Understanding Return On Capital Employed (ROCE)

For those that aren't sure what ROCE is, it measures the amount of pre-tax profits a company can generate from the capital employed in its business. Analysts use this formula to calculate it for Kronos Worldwide:

Return on Capital Employed = Earnings Before Interest and Tax (EBIT) ÷ (Total Assets - Current Liabilities)

0.062 = US$109m ÷ (US$2.0b - US$202m) (Based on the trailing twelve months to June 2021).

Thus, Kronos Worldwide has an ROCE of 6.2%. In absolute terms, that's a low return and it also under-performs the Chemicals industry average of 9.8%.

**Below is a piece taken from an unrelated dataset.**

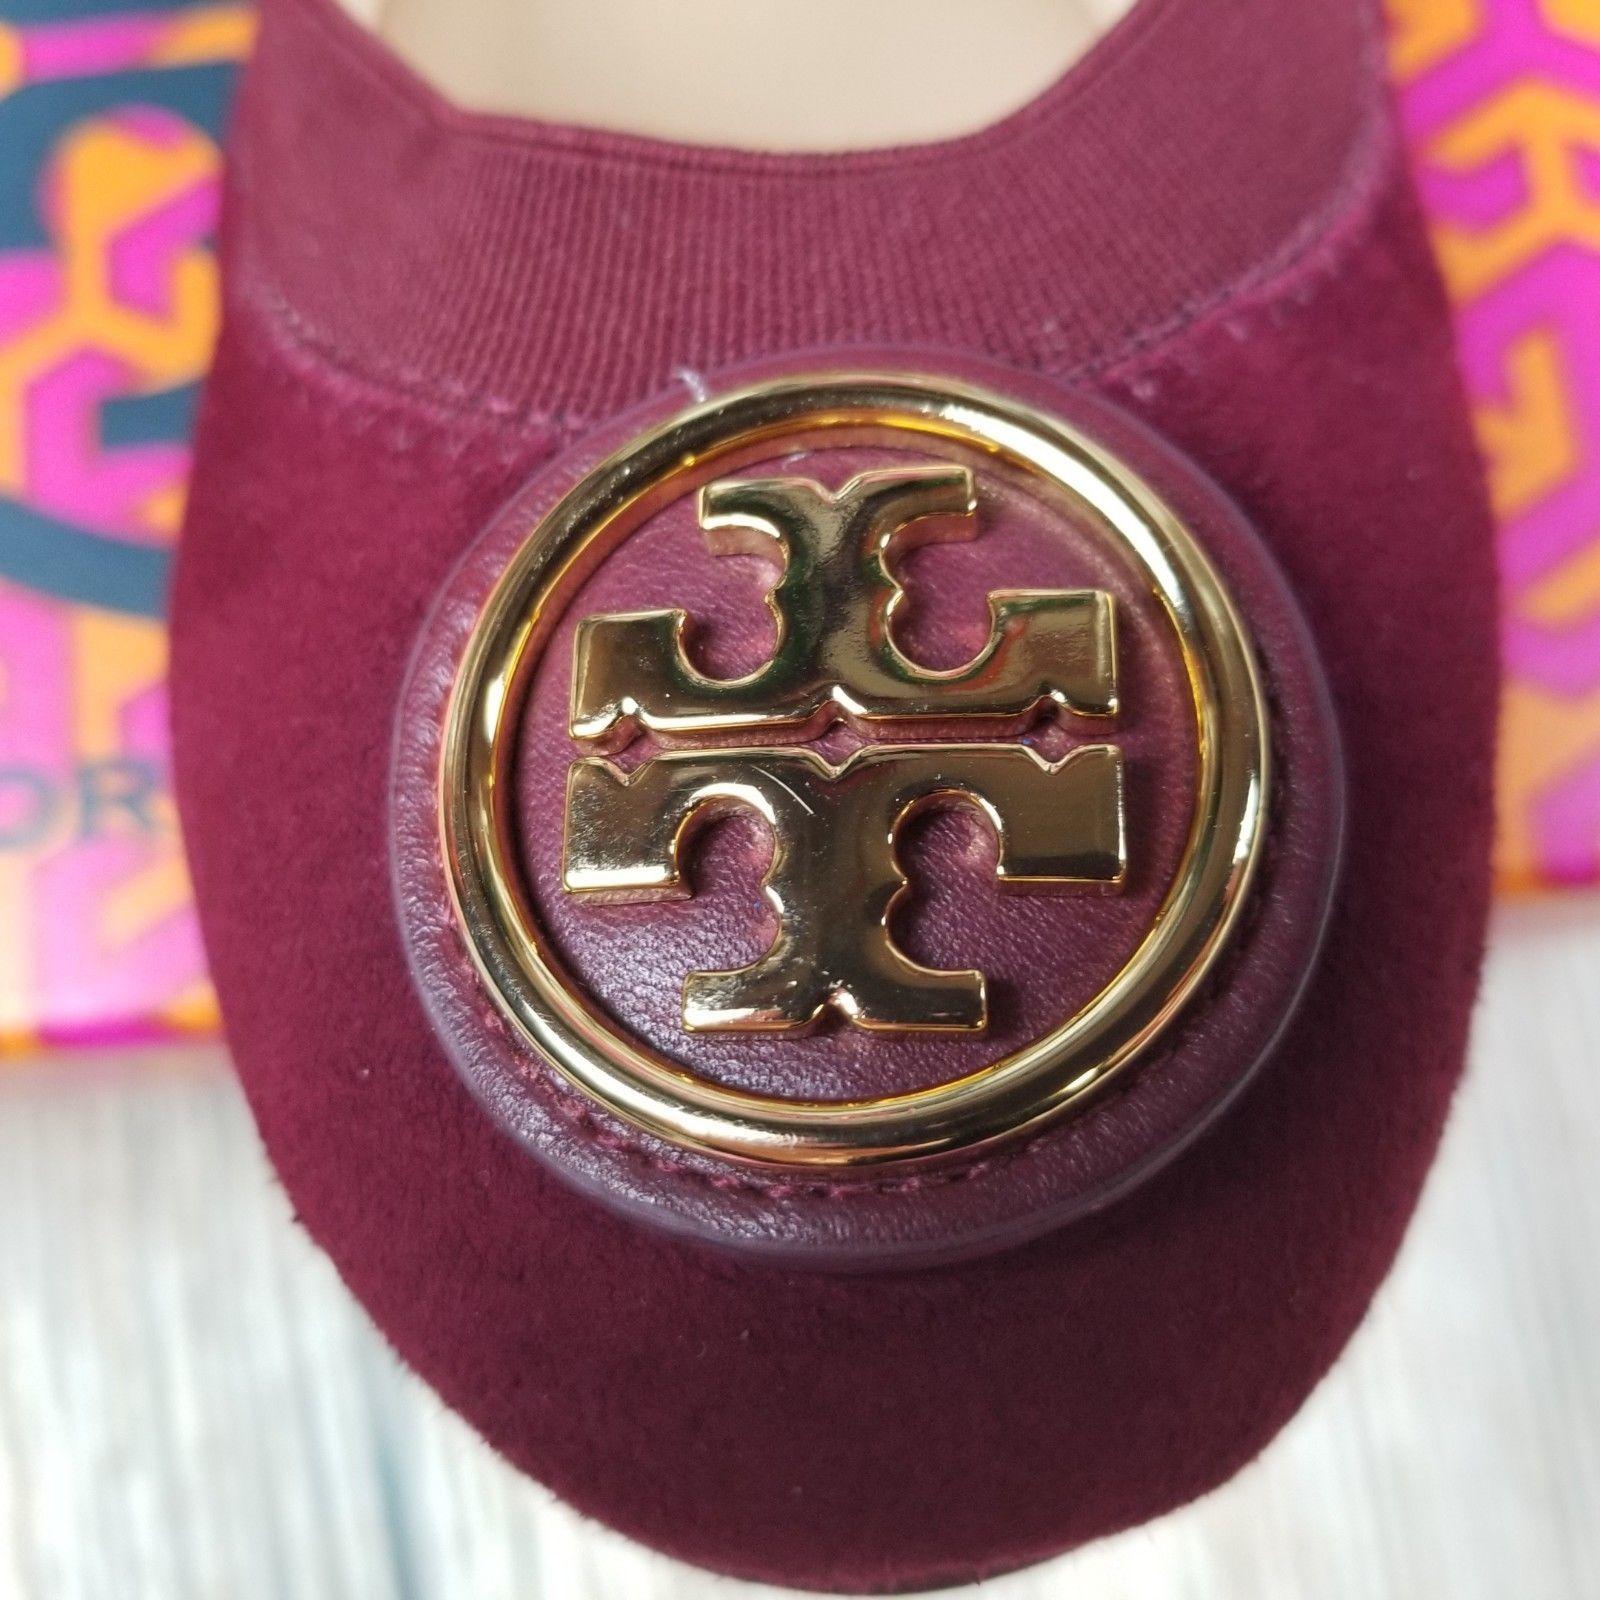 New TORY BURCH sz 6.5/7/7.5 dark red suede gold tone logo slip on flats $225

Check out our latest analysis for Kronos Worldwide

roce
NYSE:KRO Return on Capital Employed October 8th 2021

Above you can see how the current ROCE for Kronos Worldwide compares to its prior returns on capital, but there's only so much you can tell from the past. If you'd like, you can check out the forecasts from the analysts covering Kronos Worldwide here for free.

How Are Returns Trending?

We're delighted to see that Kronos Worldwide is reaping rewards from its investments and is now generating some pre-tax profits. The company was generating losses five years ago, but now it's earning 6.2% which is a sight for sore eyes. Not only that, but the company is utilizing 73% more capital than before, but that's to be expected from a company trying to break into profitability. This can tell us that the company has plenty of reinvestment opportunities that are able to generate higher returns.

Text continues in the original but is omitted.